Короче, я пришел не за тем, чтобы пережевывать вам все это, вы это и без того хорошо знаете, — а чтобы рассказать вам, что произошло сегодня ночью, потому что это все-таки немного вас касается, и вы, вероятно, не догадываетесь, как могли вас замешать сюда. У вас не звенело в ушах сегодня ночью, когда вы спали? Это уж не по вине моих дочерей.
— Каким образом?
— Я краснею, что мне приходится говорить с вами об этом. Угадайте-ка, что эта несчастная Сесиль еще придумала, чтобы довести до отчаяния сестру? Она забила себе в голову доказать ей, что Пьер Февр влюбился в вас, как только вас увидел. Ни у одного адвоката не было столько аргументов: во-первых, достаточно посмотреть на Пьера, когда он говорит с вами; когда вы у нас, он занят только вами; в ваше отсутствие у него все время на губах ваш талант, ваши манеры, то, что вы сказали; вчера вечером, когда все рассчитывали, что он останется обедать, как всегда, — так что даже кухарка поставила в печь особое блюдо для него, — он не мог примириться с вашим уходом и, движимый какой-то неодолимой силой, внезапно решил сопровождать вас. Но лучшее впереди. Сесиль хвасталась тем, что последовала за вами или, во всяком случае, что нагнала вас в городе, и она имела нахальство… Но вы сердитесь на меня? Действительно, может показаться, что я веду себя как невежа. Но только, прошу вас, примите все это так, как я вам говорю. Перед вами бедняк-отец, у которого голова идет кругом и который говорит с вами, как на духу. Вы понимаете, я прекрасно вижу, что такое Сесиль: это — сумасшедшая девушка, которая грезит вслух. Но я пришел к вам за советом, а вы можете дать мне совет, только если я ничего от вас не скрою.
— Пожалуйста, продолжайте, г-н Барбленэ. Что бы вы мне ни сказали, я не обижусь.
— Ну, так вот! Она имела нахальство рассказать своей сестре, что видела, как вы и Пьер Февр нежно беседовали в темных улицах, потом долго прощались посреди улицы Сен-Блэз, как люди, которым больше незачем скрываться… Еще раз прошу прощения, что повторяю вам такие глупости. Но у меня лежало бы на совести, что я не осведомил вас о них, вас, которая так предана нашим дочерям и так чистосердечна. Не сердитесь на мою несчастную Сесиль. Вы, конечно, имеете право отнестись к этому очень сурово, потому что, в конце концов, вы хозяйка своих поступков, и даже если россказни Сесиль не совсем пусты, разве вы обязаны нам отчетом? Тем не менее…
— Нет, г-н Барбленэ, не извиняйтесь так, говорите. Считайте, будто речь идет не обо мне.

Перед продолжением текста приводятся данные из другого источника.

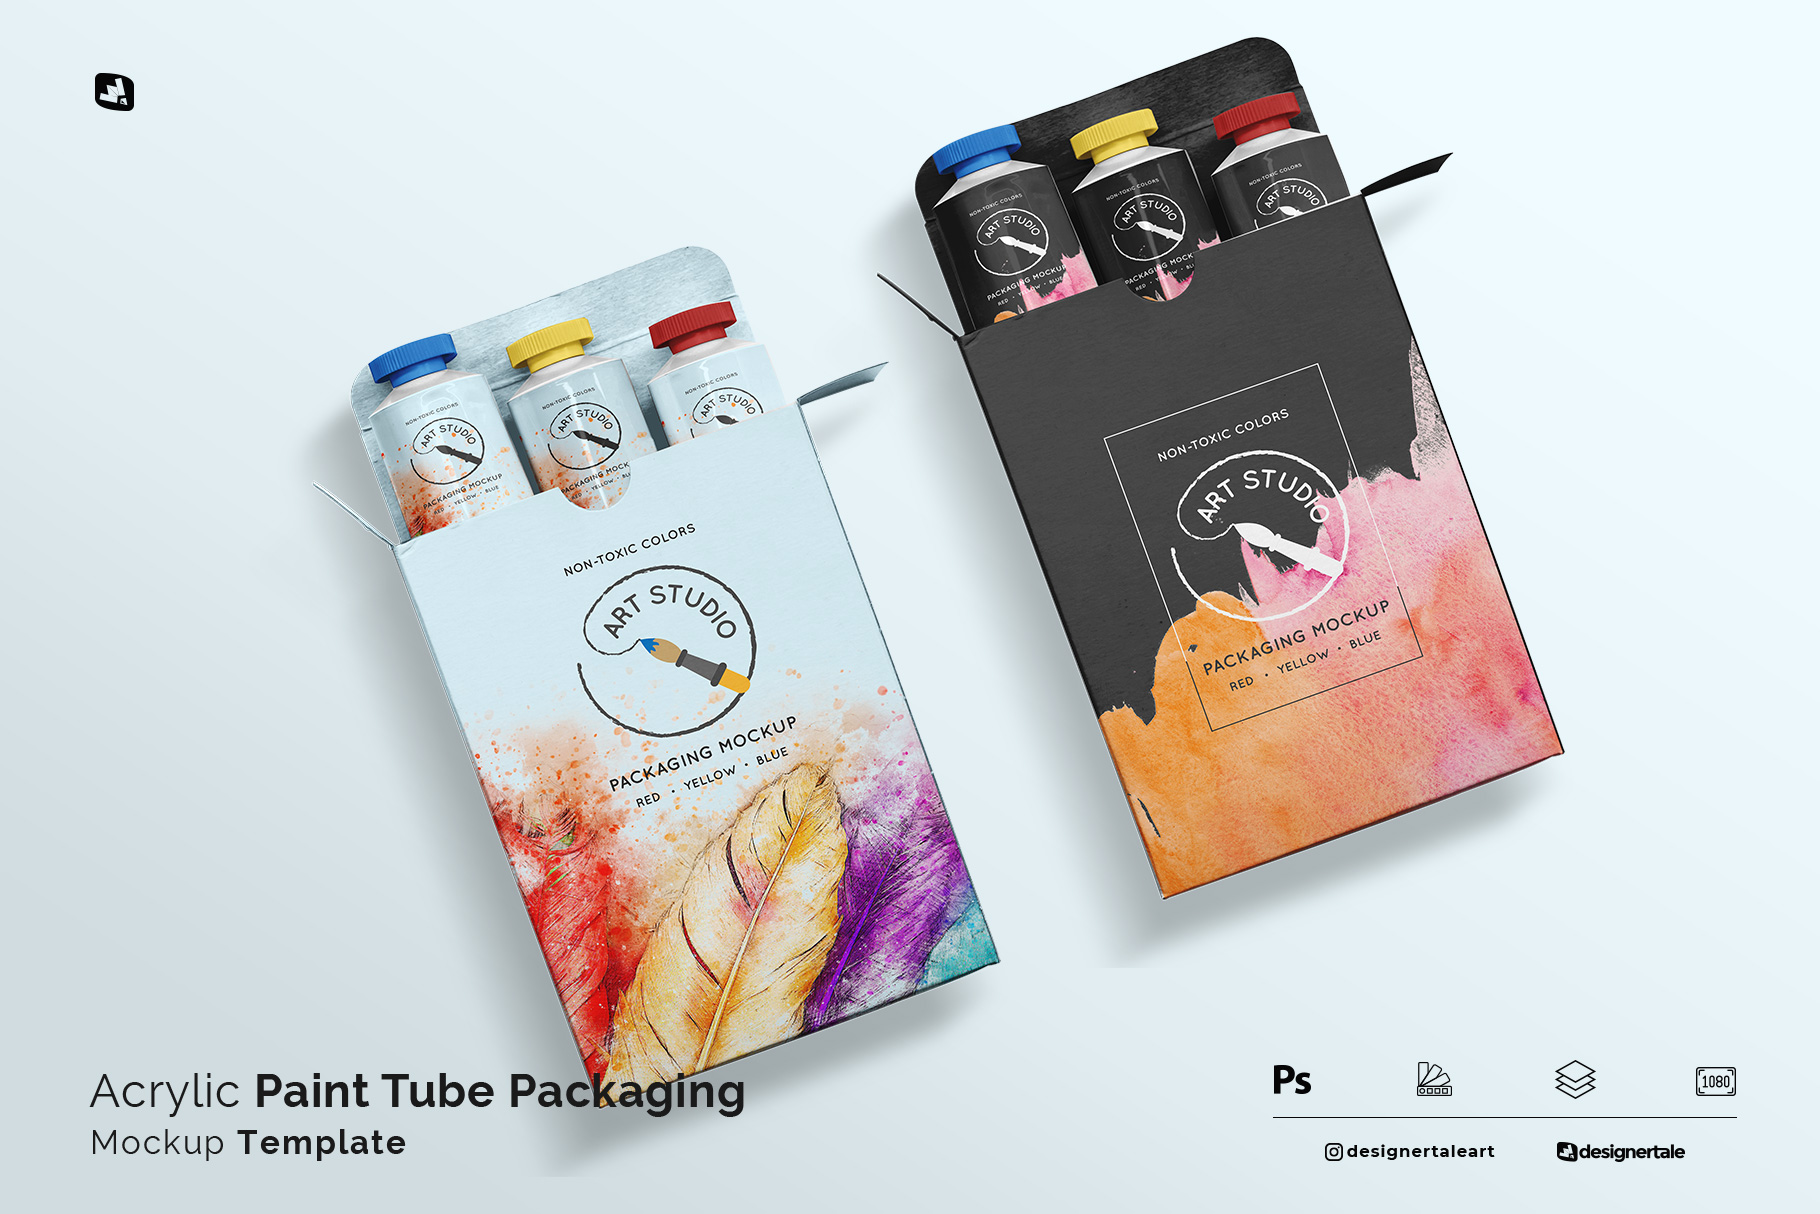 acrylic paint tube packaging mockup
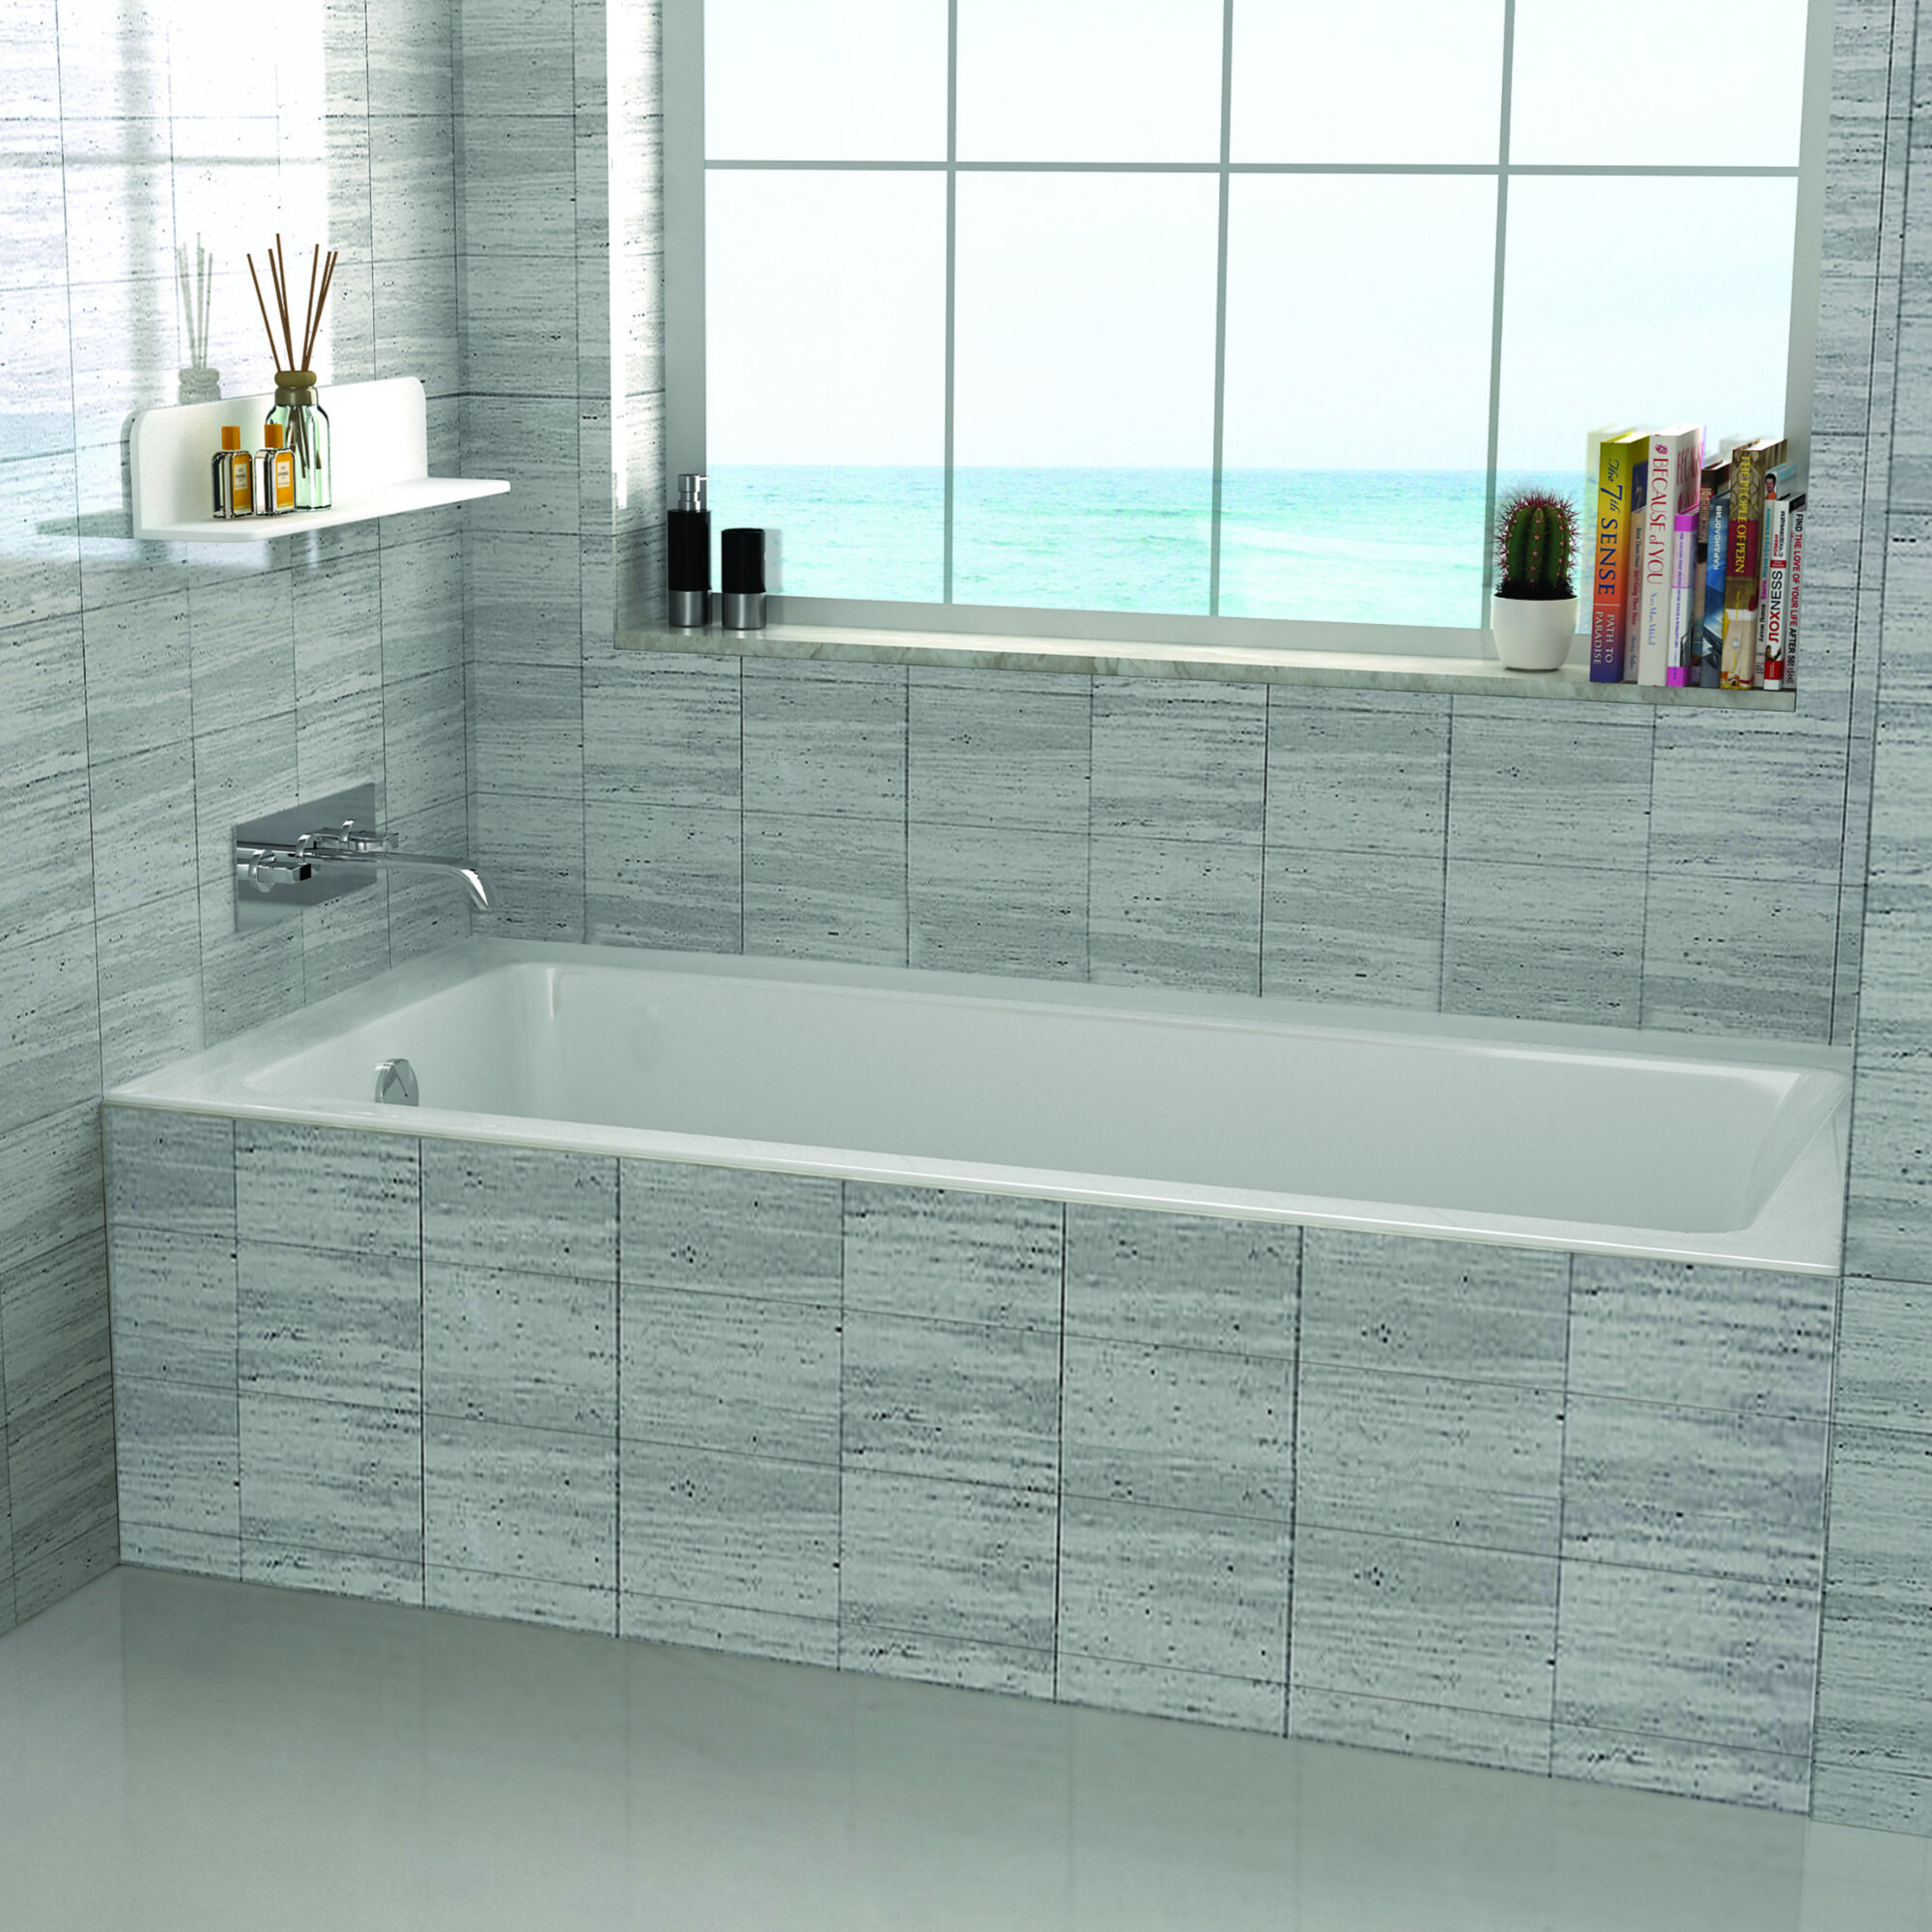 Wayfair Fine Fixtures 48 X 32 Drop In Soaking Bathtub

— Понятно, Март называла сестру лгуньей и бесовским отродьем. Но я ручаюсь вам, что она страдала. Злее Сесиль ничего не могла придумать. Сейчас для Март Пьер Февр и вы дороже всего на свете, уверяю вас. Подумать, что именно вы похищаете у нее сердце Пьера Февра, вы понимаете, в какое состояние это ее приводит! О! Это не злоба, даже не враждебность, не мысль о том, чтоб отомстить. Но если она этому действительно поверит, она будет страшно разочарована. Постойте, я вам скажу: самое тяжелое для нее, пожалуй, даже не столько то, что ее кузен бросает ее для вас, а то, что вы, вы можете полюбить Пьера Февра. Потому что тогда не останется уже сомнений: она будет уверена, что кто-то другой гораздо дороже вам, чем она в то время, как до сих пор ничто не мешало ей думать что, может быть, она дороже всего. Я понял это из некоторых ее замечаний. Вы не поверите, чем вы стали для этой девочки. Однажды за столом кто-то из нас сказал, что вы рано или поздно выйдете замуж и покинете своих учениц. Так вот, кто бы мог ожидать. Март, всегда такая спокойная, чуть не пришла в ярость. Можно было подумать, что ей нанесли личное оскорбление. Ах, вы знаете, дети в эти годы очень односторонни. Как только они к вам привяжутся, вы должны существовать только для них.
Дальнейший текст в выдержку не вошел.